Because each station can sit on more than one rail line, and each rail line contains more than one station, we should not use the UNIQUE modifier with those columns. However, we do not want the combination of any station and line to appear in the table more than once. We enforce this by naming both station_id and line_id as arguments to UNIQUE. Either of those columns may appear multiple times, but the combination of any two values may appear only once.
For example, the following row places station_id 1 as the northernmost station on line_id 1:
INSERT INTO StationLines (station_id, line_id, north_to_south) VALUES (1, 1, 1);The following indicates that station_id 7 is 11 stops from the beginning of line_id 4:
INSERT INTO StationLines (station_id, line_id, north_to_south) VALUES (7, 4, 11);
With StationLines defined, we can begin to ask the database basic questions. For instance, we can list the stations on line two:
SELECT station_id FROM StationLines WHERE line_id = 2 ORDER BY north_to_south;This query produces the following result:
+------------+ | station_id | +------------+ | 6 | | 4 | | 5 | +------------+While this answer is indeed correct, it is not very useful. After all, why should I have to remember various stations' ID numbers in order to use the system?

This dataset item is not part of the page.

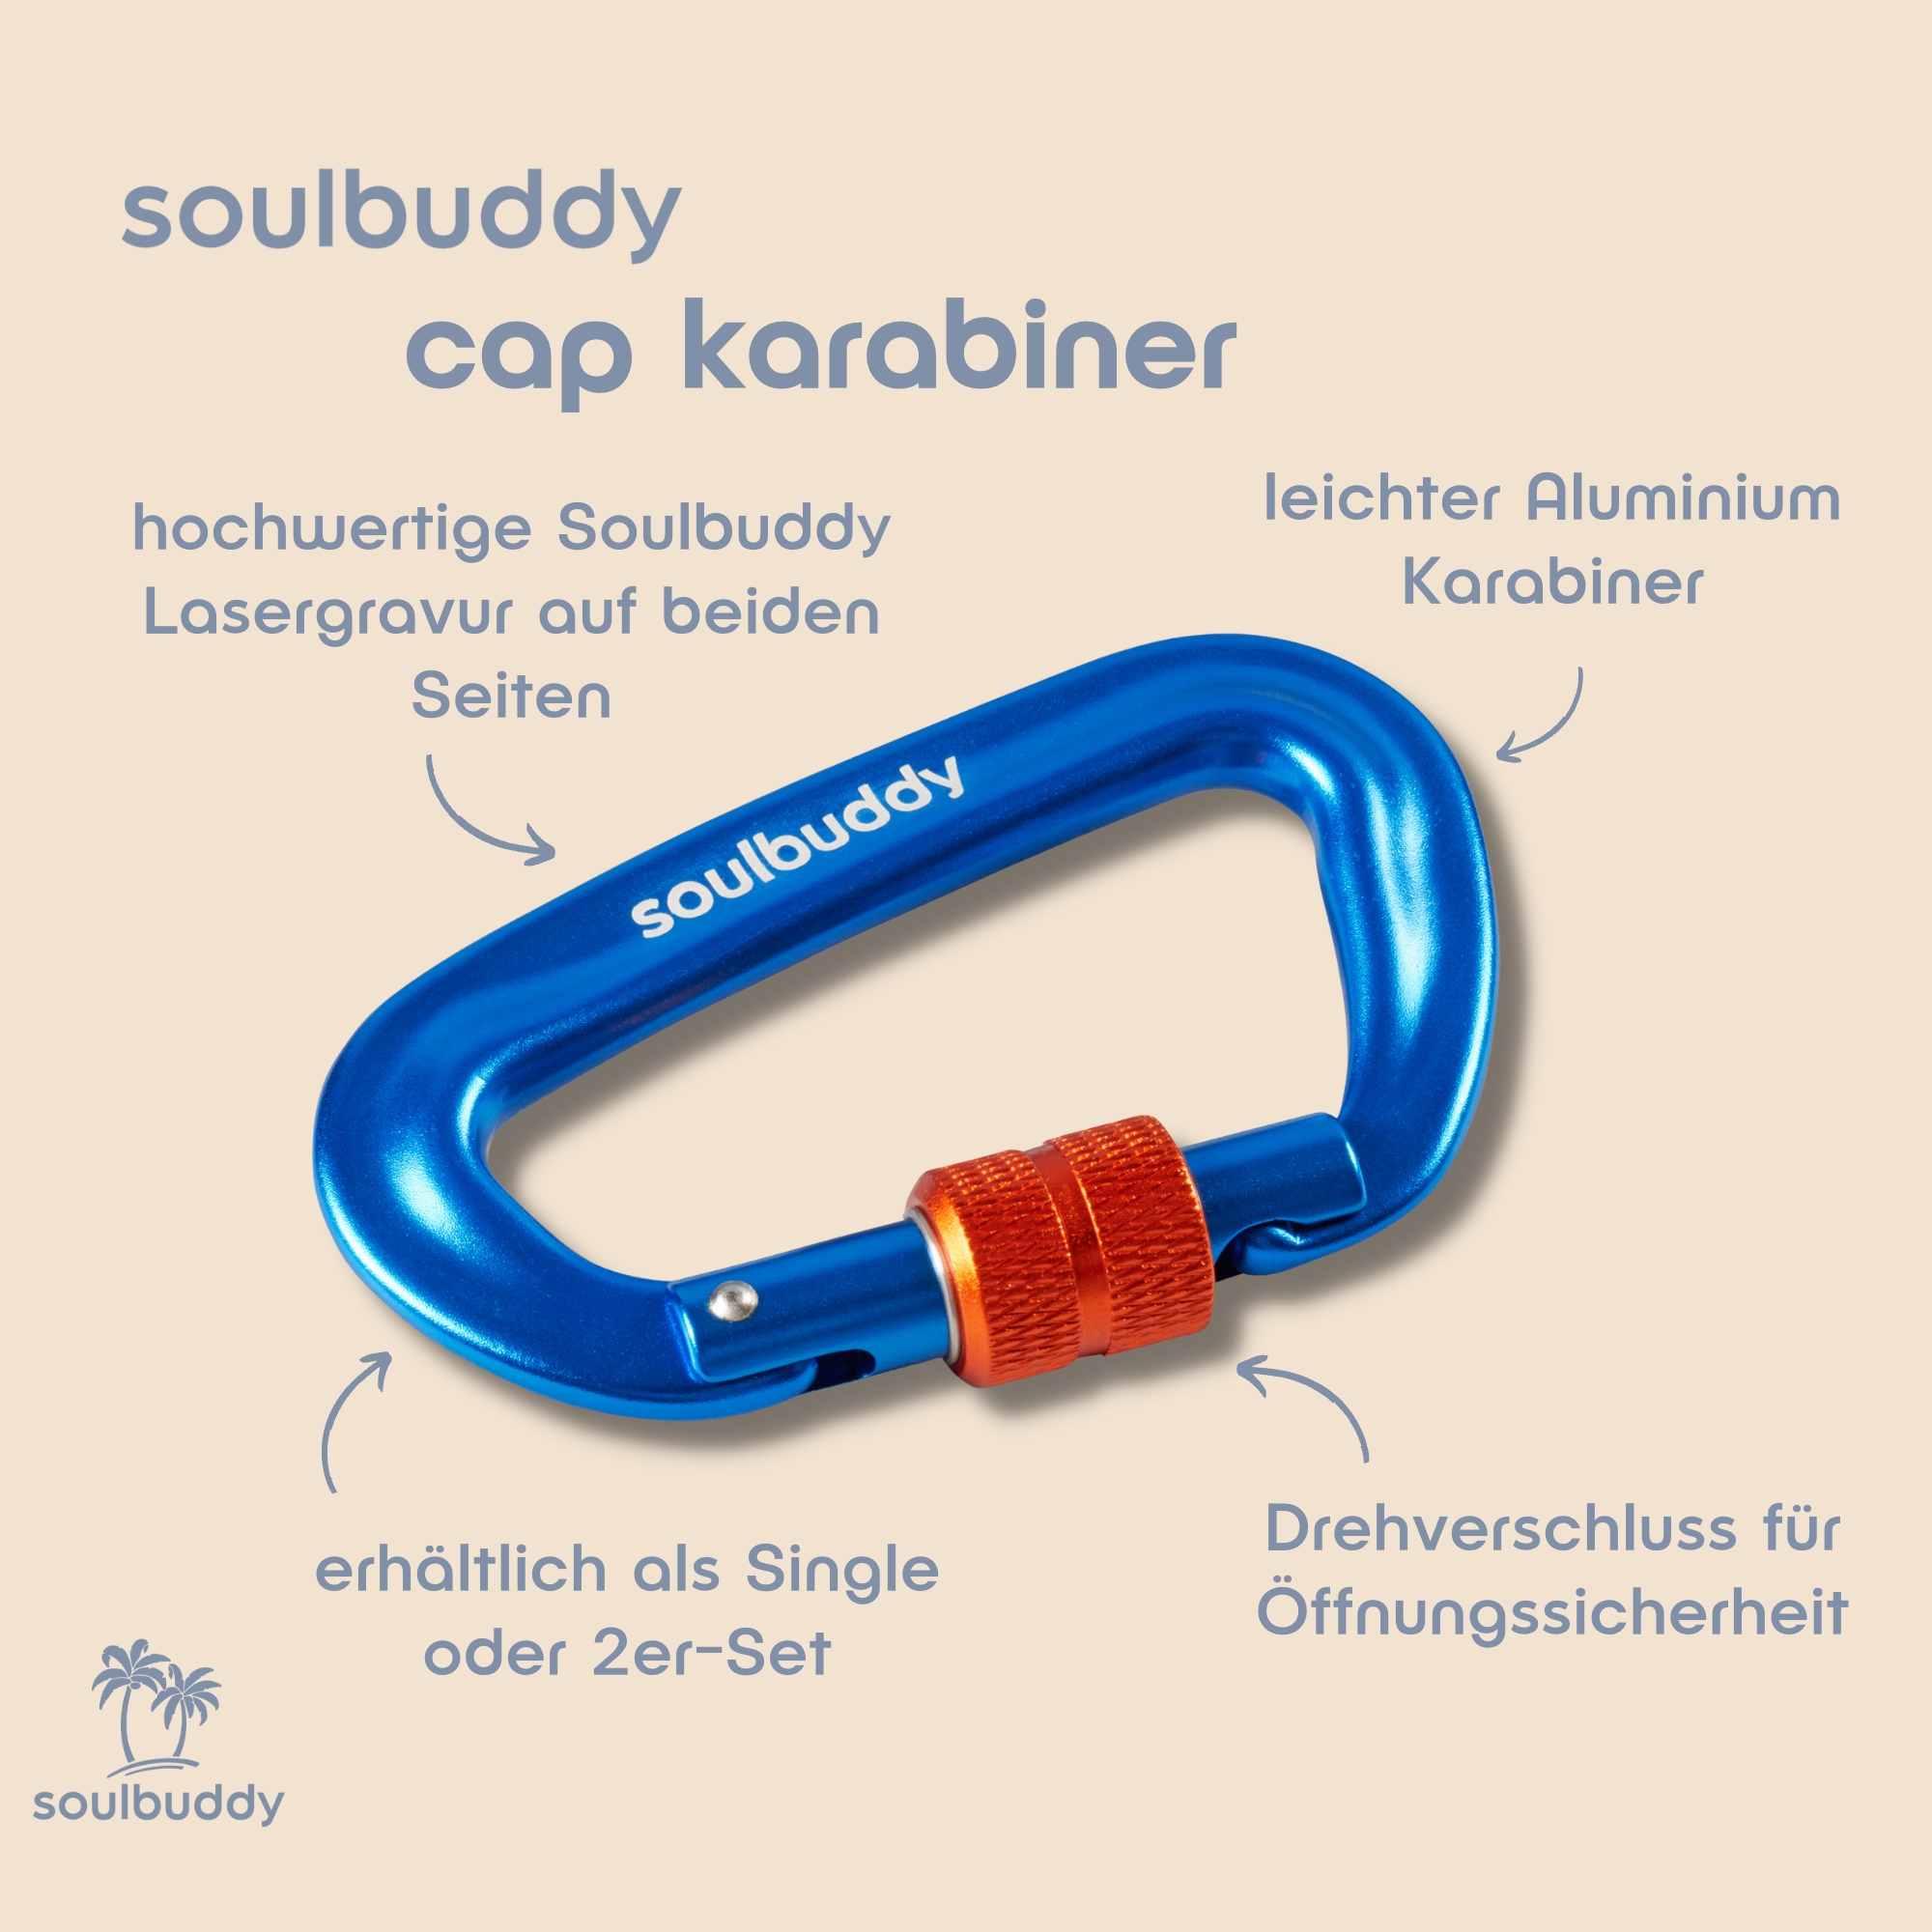 Soulbuddy Cap Karabiner mit Detailbeschreibung

Fortunately, relational databases permit us to join two tables, allowing us to connect the station's ID number with its name. To avoid confusing columns from the two tables, we name each column using the table.column syntax, separating the two with a period. And to reduce the amount of typing we must do, we give each table a nickname.

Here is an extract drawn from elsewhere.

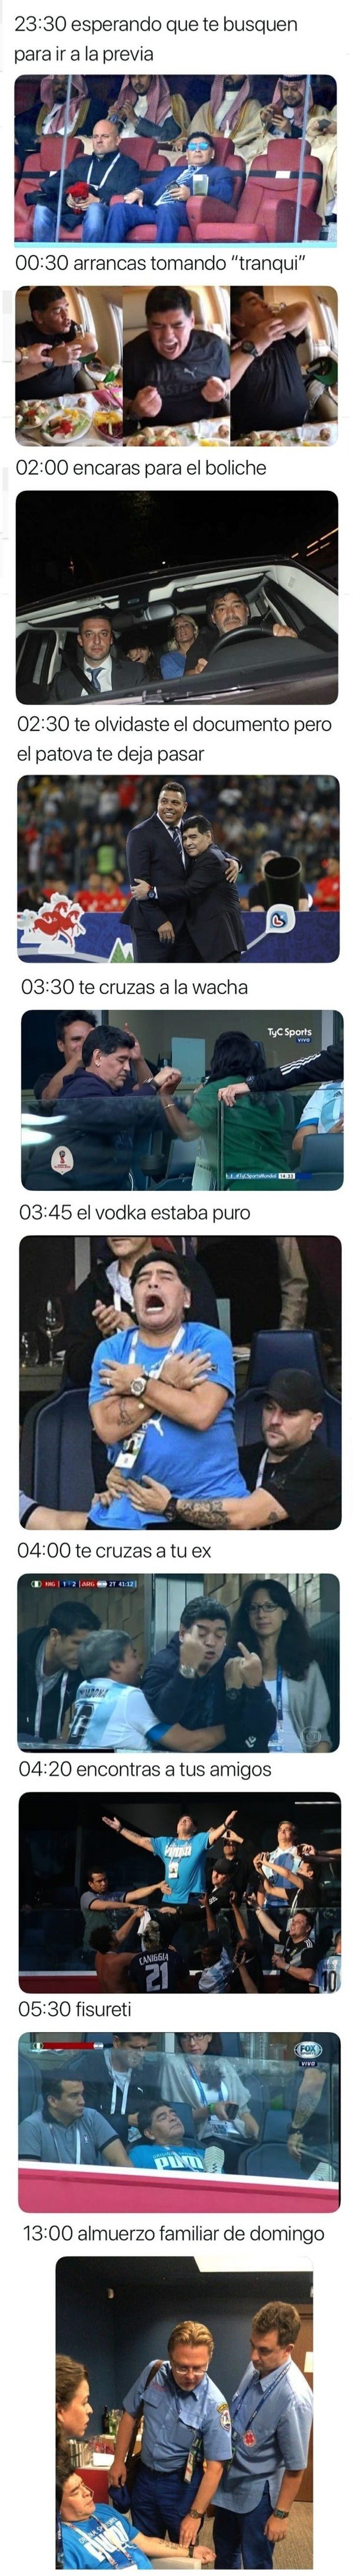 Meme_otros - Diario de un fin de semana, por Maradona

For example, we can structure our query such that it selects information from both RailStations and StationLines:
SELECT S.name FROM RailStations S, StationLines L WHERE L.line_id = 2 AND S.id = L.station_id ORDER BY north_to_south;The query now produces the following results:
+-------------------+ | name | +-------------------+ | Lod | | Tel Aviv Central | | Tel Aviv Hashalom | +-------------------+Beginning database programmers often make the mistake of not qualifying their joins enough; that is, not putting enough statements in the WHERE clause. This is because a database server produces a join by combining every row in RailStations with every row in StationLines. The WHERE clause tells the server which rows to remove from the resulting table.
In the example above, the database server first creates a table of 112 rows (8 rows in RailStations x 14 rows in StationLines). It then removes all rows in which L.line_id is not 2, producing 24 rows. It then applies the final criterion, throwing out those rows in which S.id and L.station_id are unequal. The result is three rows.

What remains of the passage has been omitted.